WORK REQUEST
Copy task. Retype the whole listing exactly, omitting any picture in it.

INPUT DATA
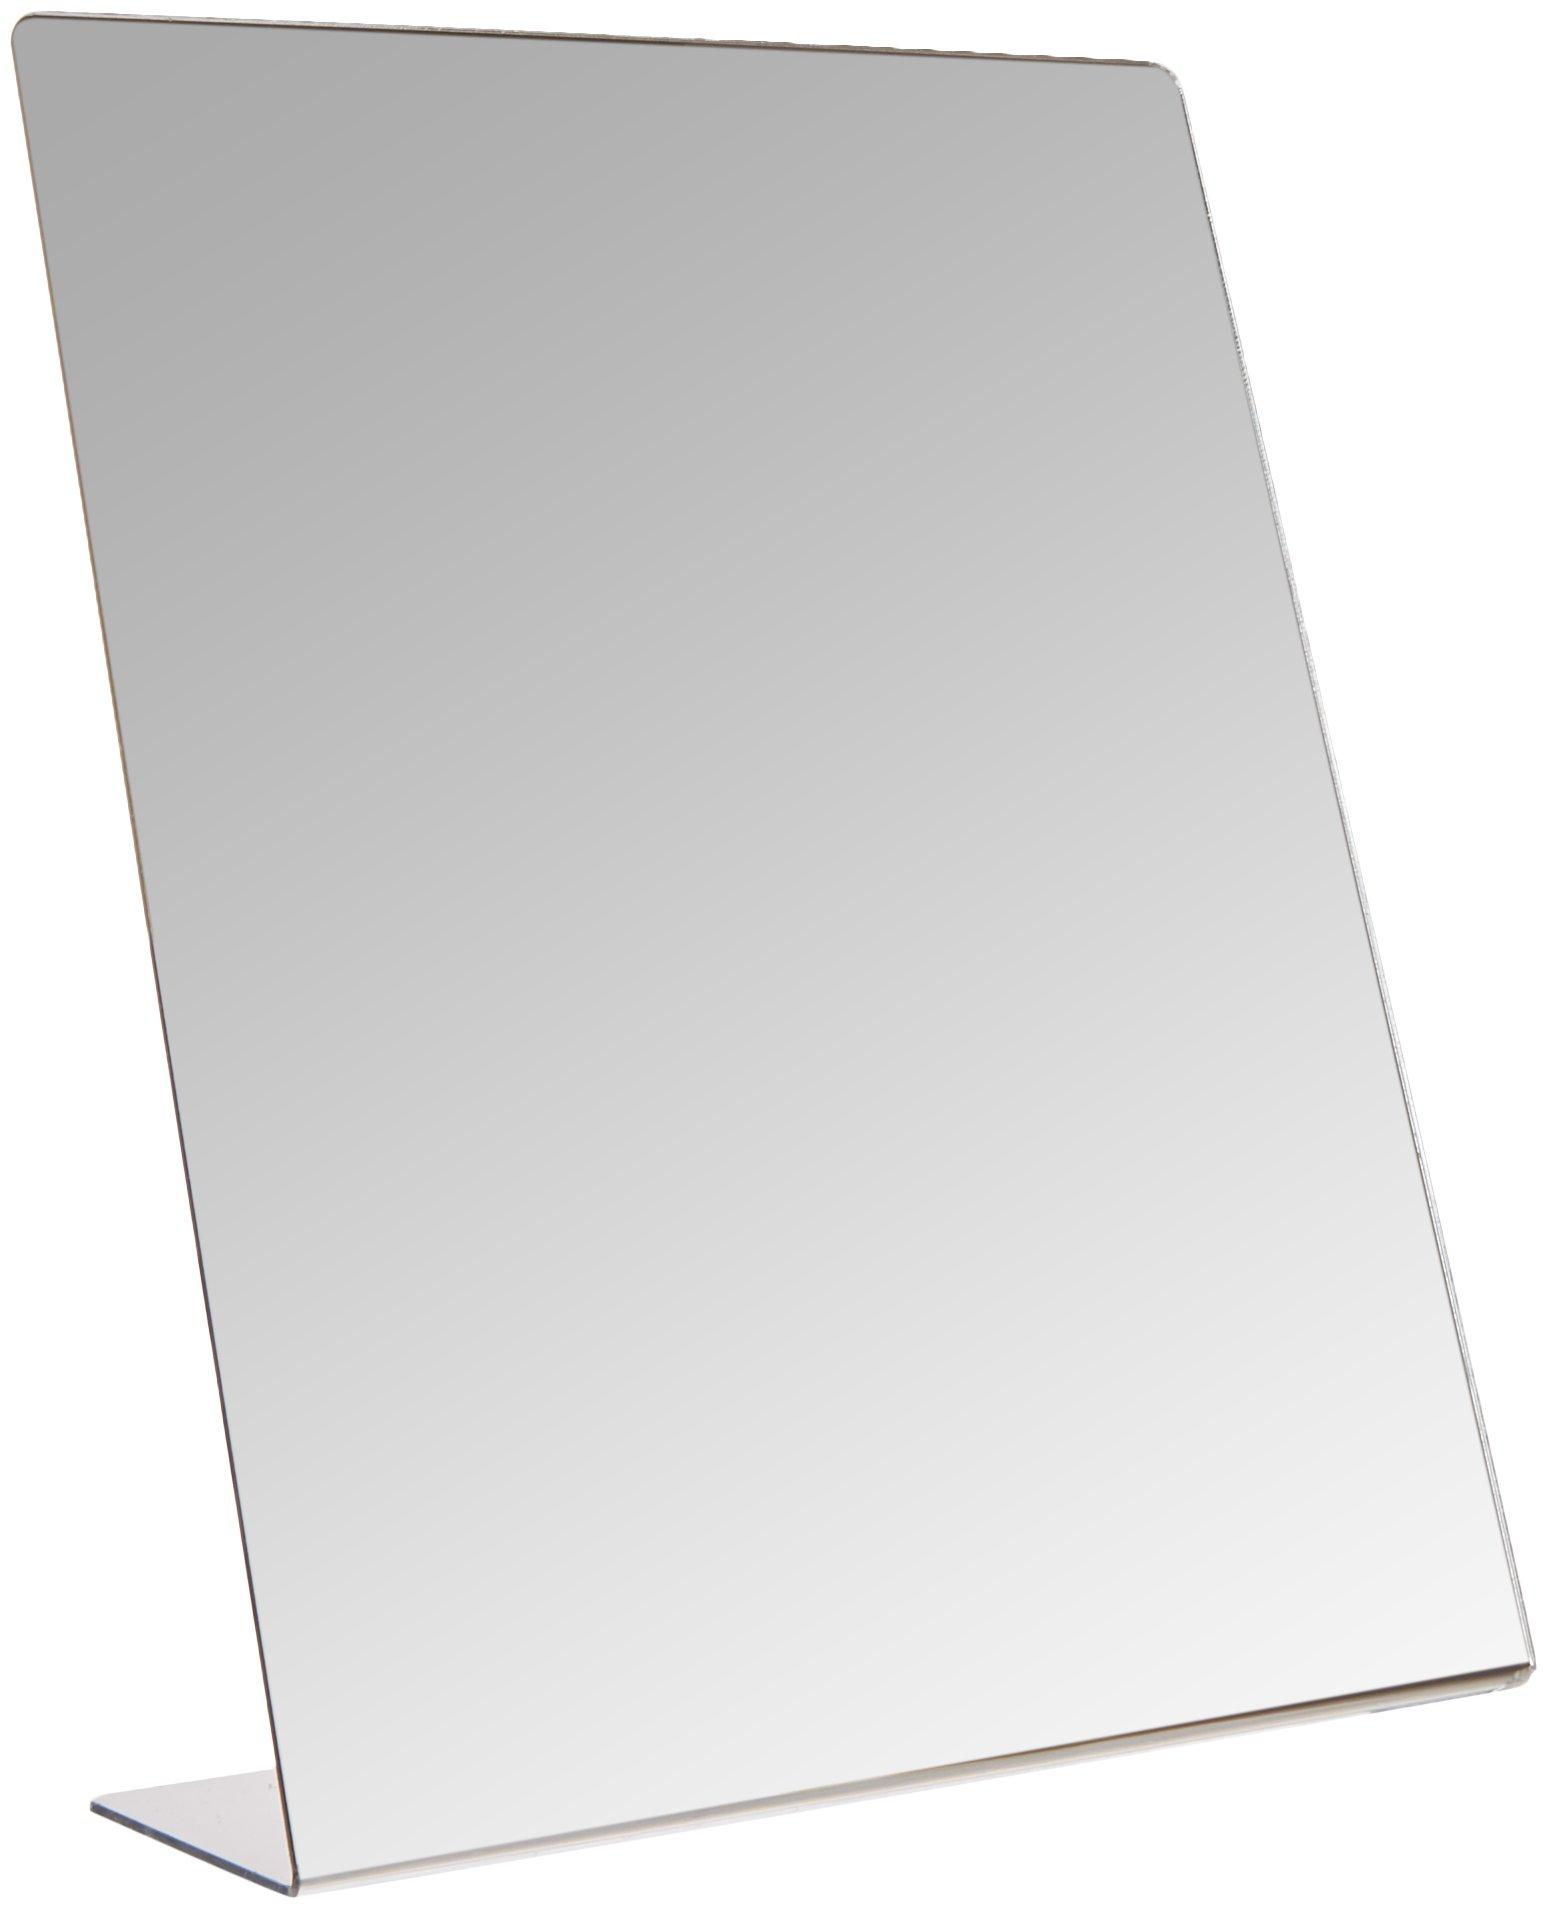 Self Portrait Mirrors Single
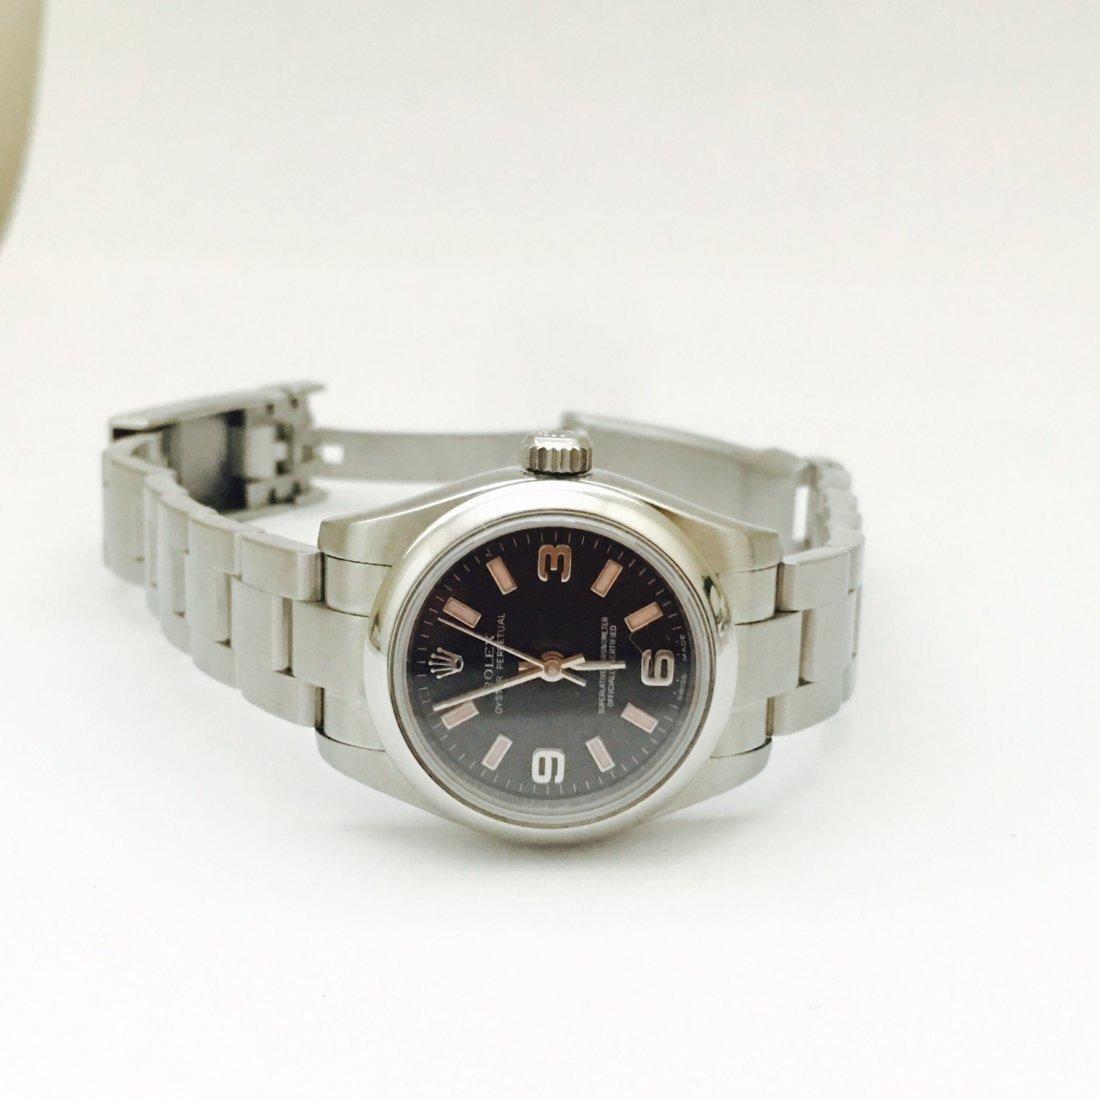 Rolex Oyster Perpetual Ladies Black Arabic Dial
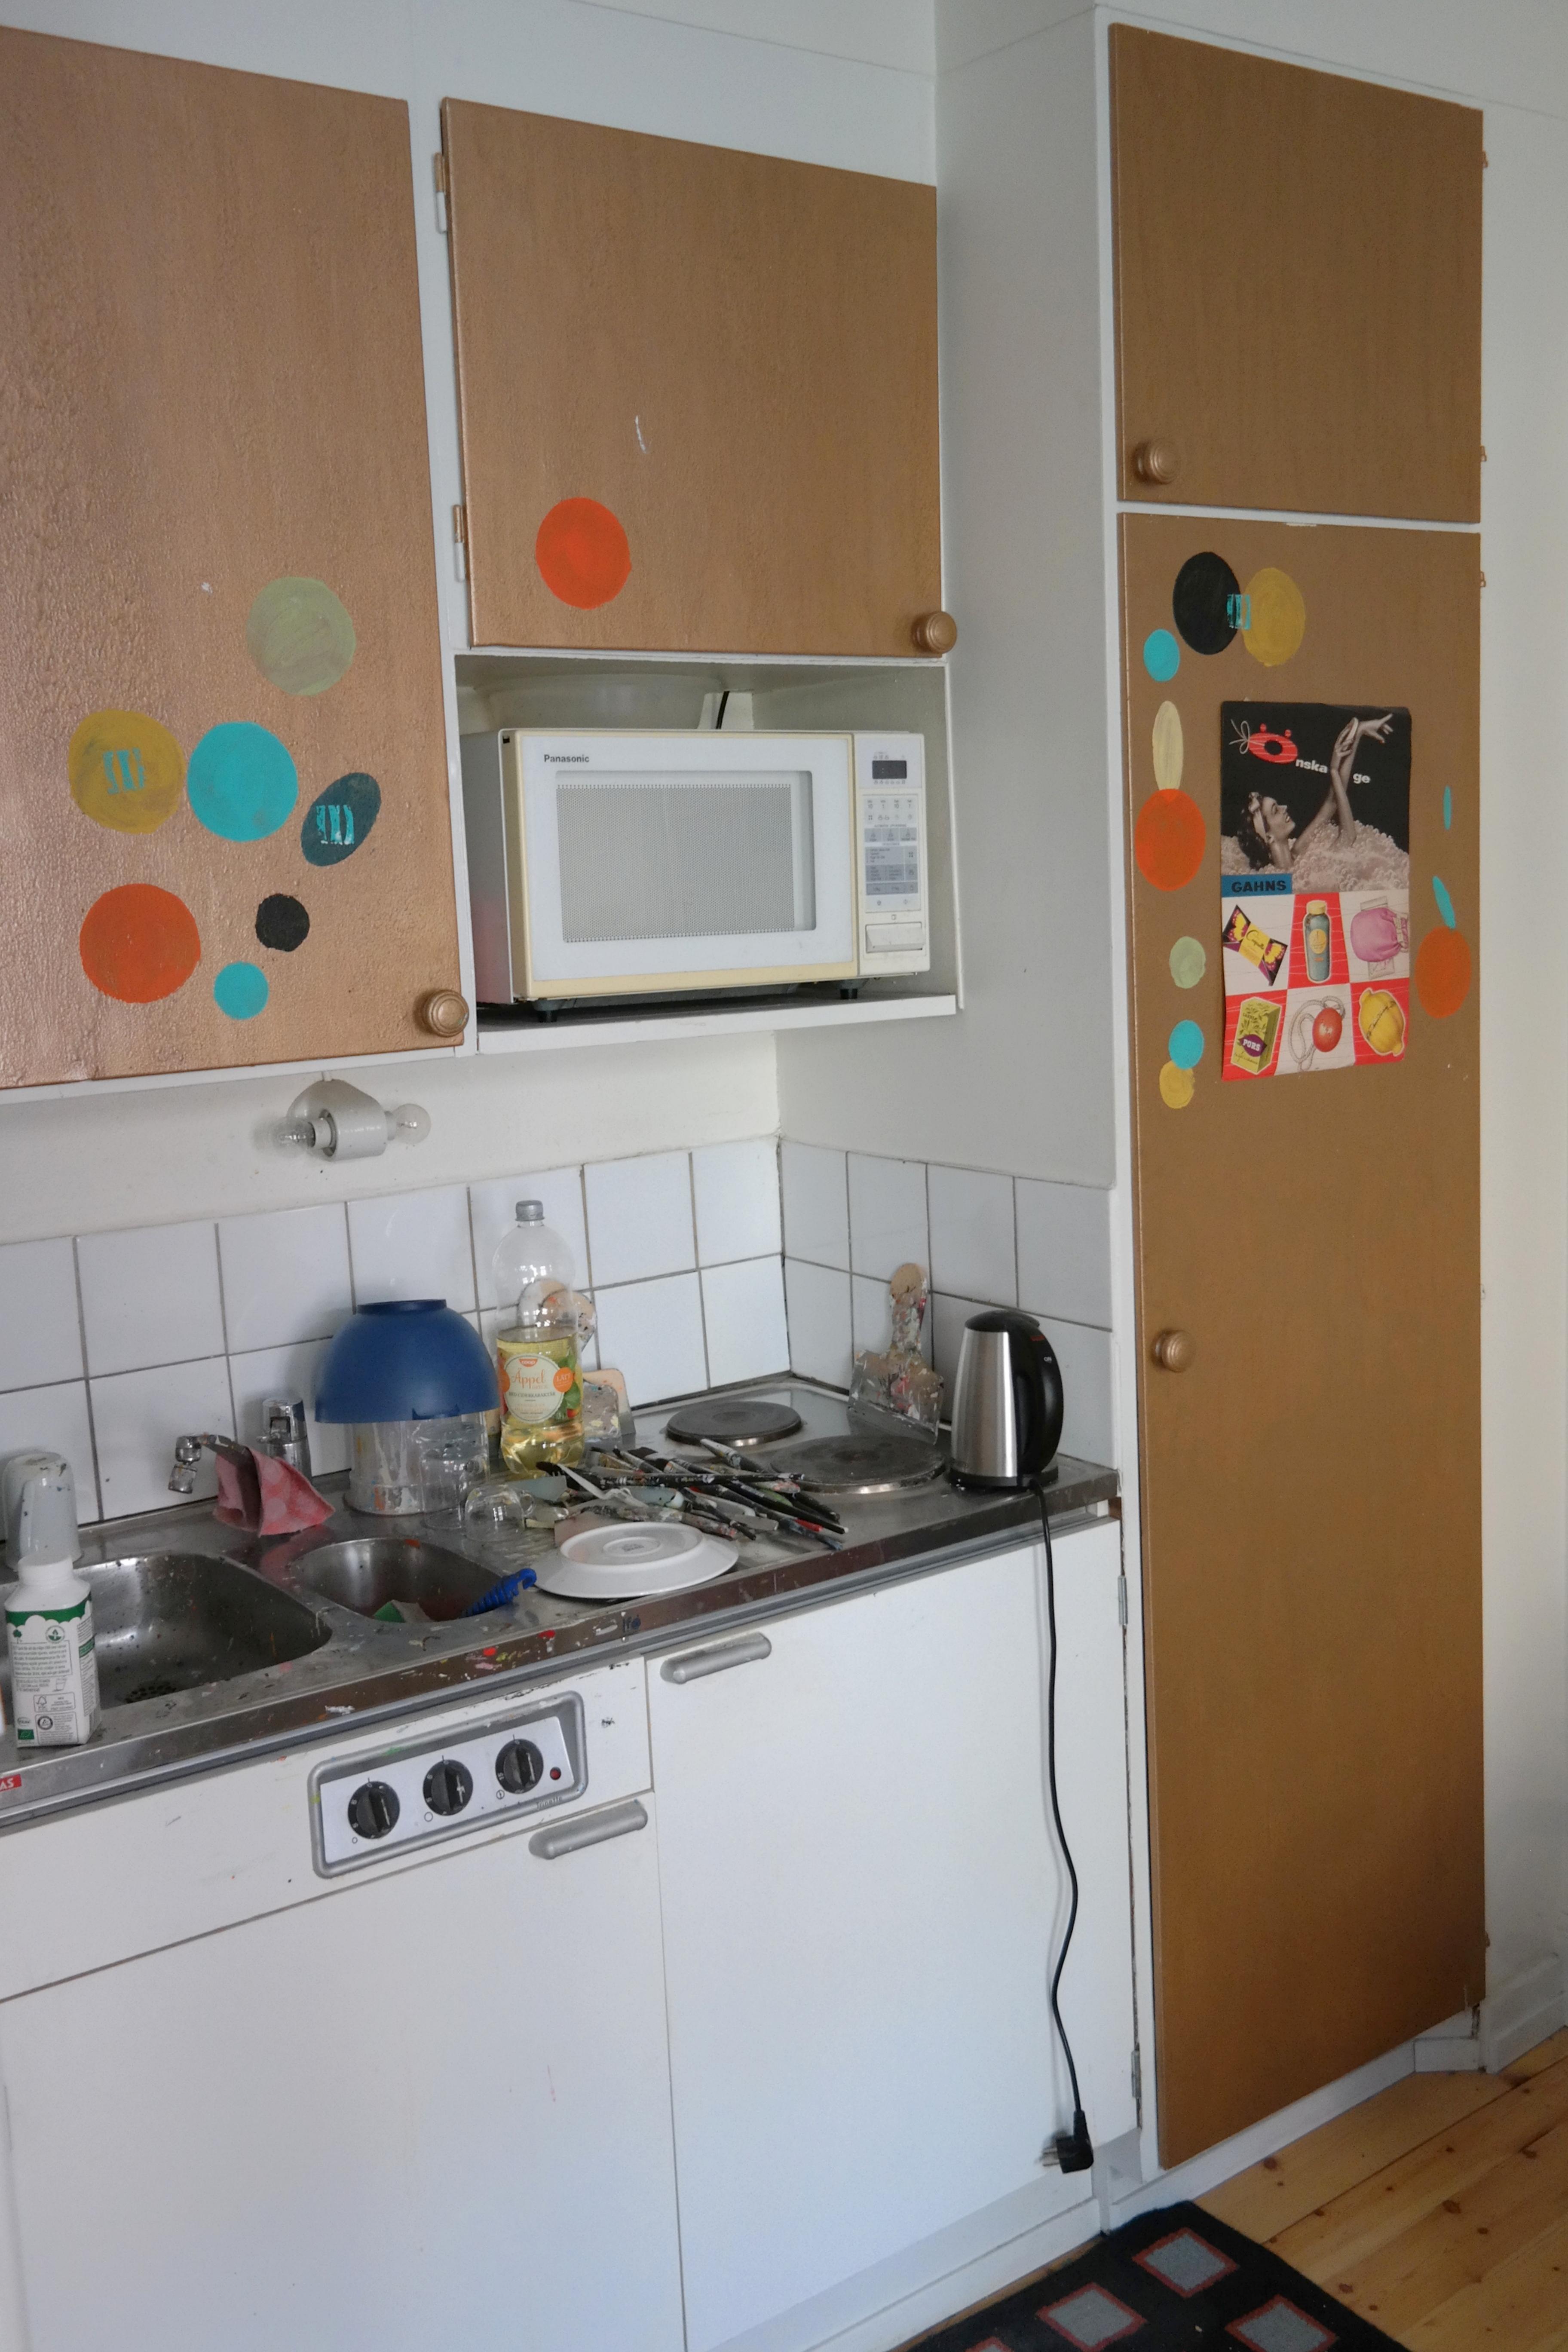 Studio, Krukmakargatan

SOLUTION TO THE PROBLEM
 Self Portrait Mirrors Single
 Rolex Oyster Perpetual Ladies Black Arabic Dial
 Studio, Krukmakargatan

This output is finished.